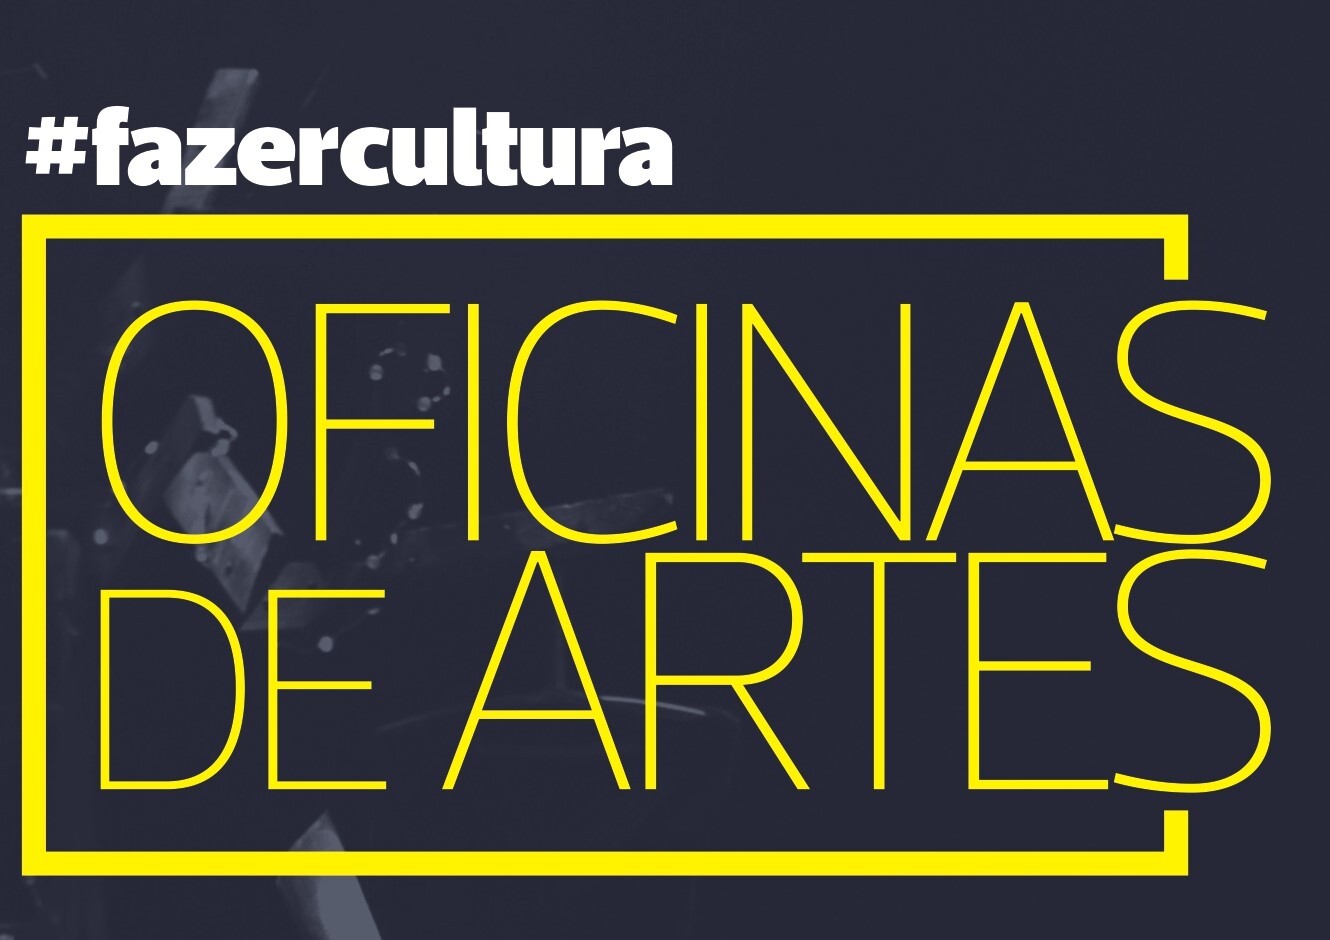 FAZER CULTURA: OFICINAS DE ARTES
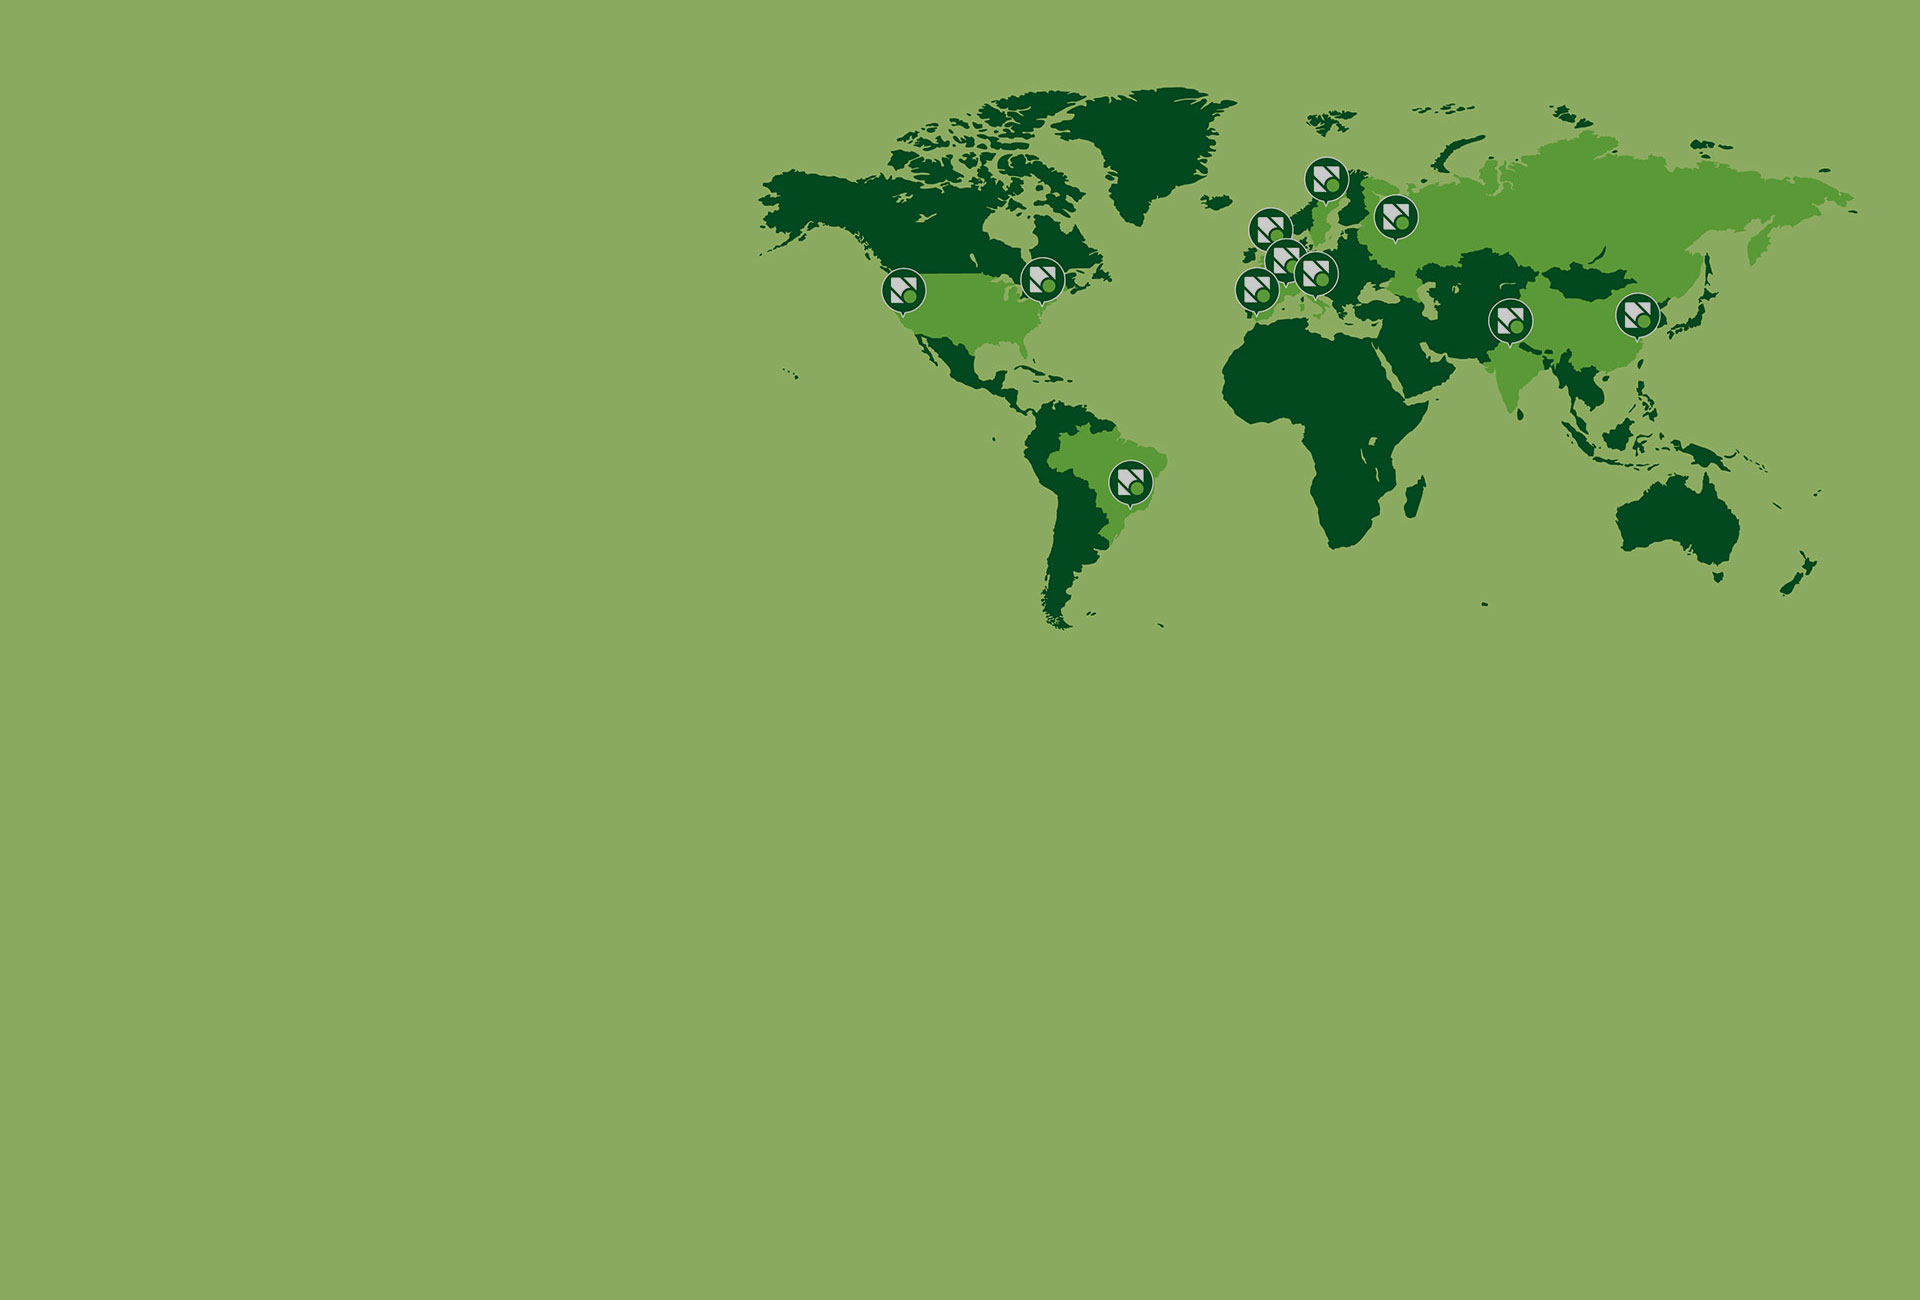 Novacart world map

==

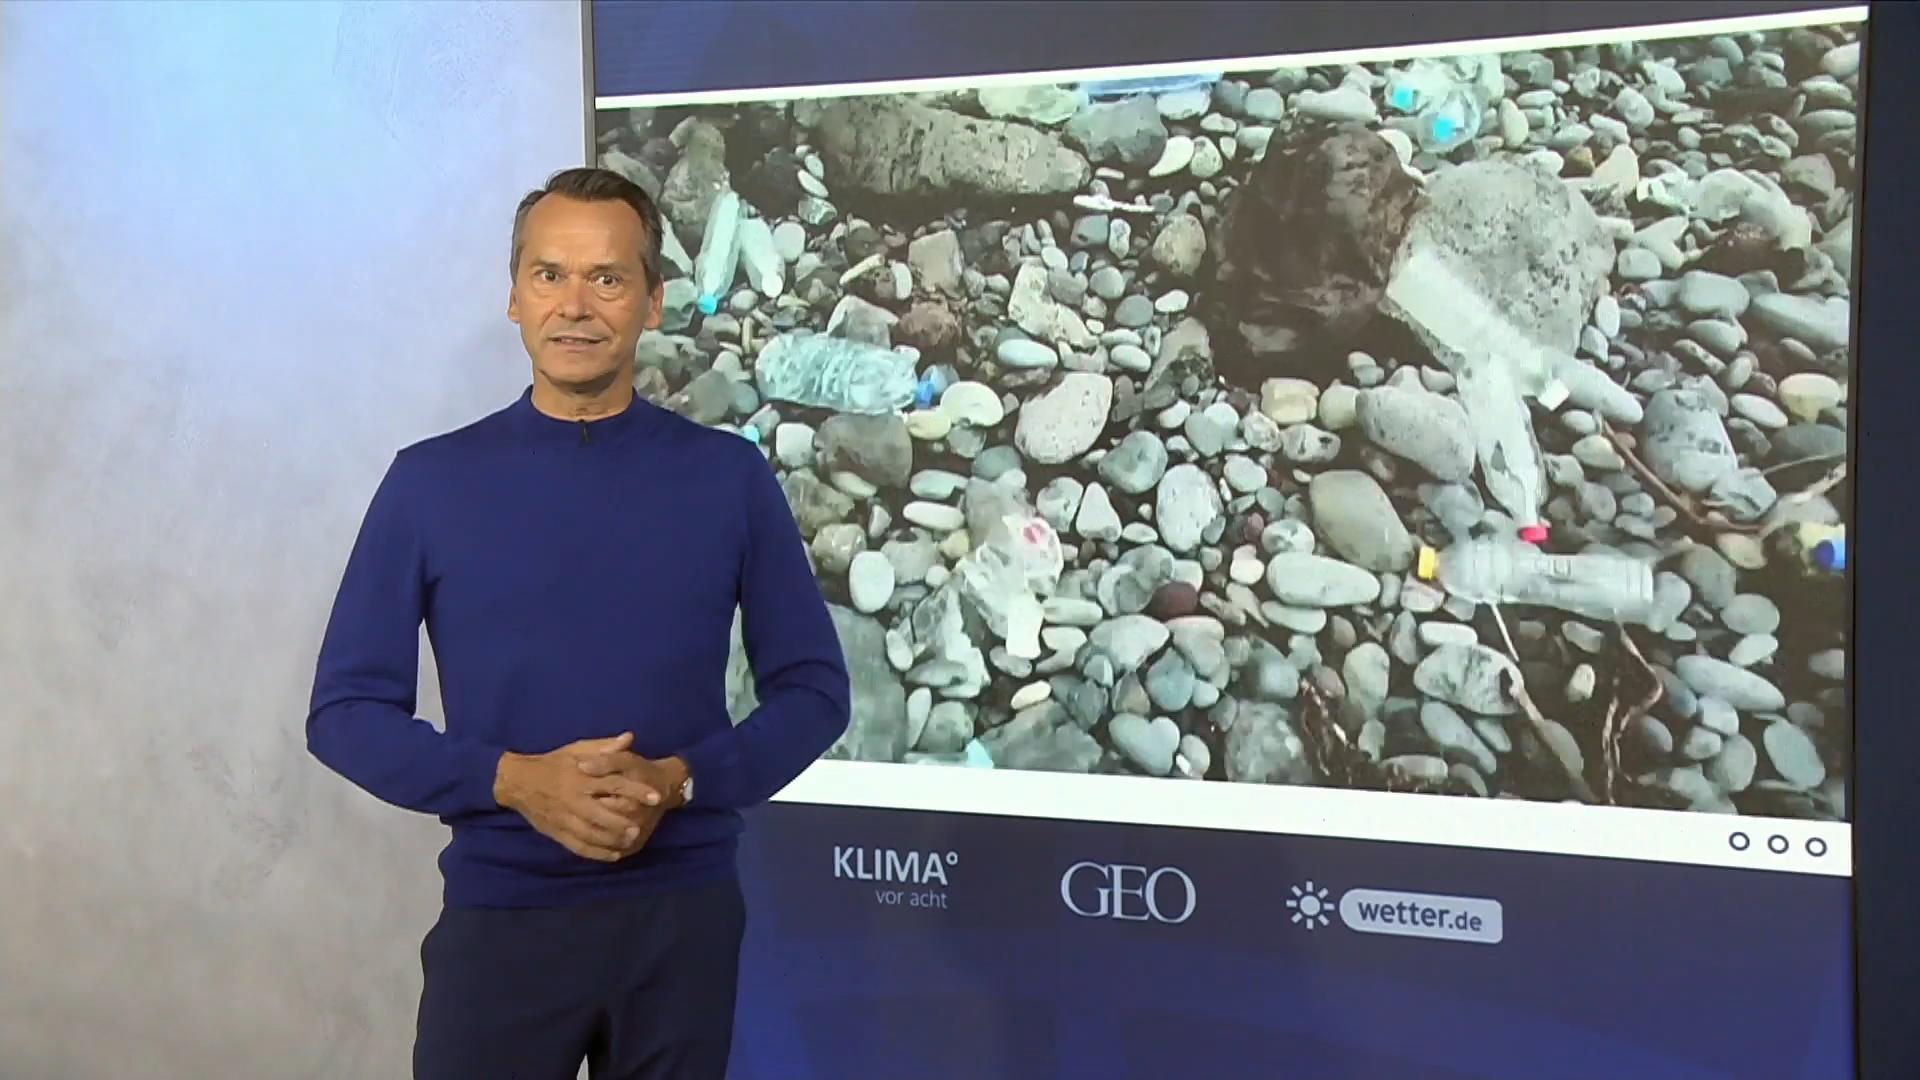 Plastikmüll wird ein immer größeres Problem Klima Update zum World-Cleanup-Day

# Required action
An exact copy is needed of the entries above, starting at the line that holds "FAZER CULTURA: OFICINAS DE ARTES" and stopping at the line that holds "Novacart world map", both kept; pictures stay out.

# Reply
 FAZER CULTURA: OFICINAS DE ARTES
 Novacart world map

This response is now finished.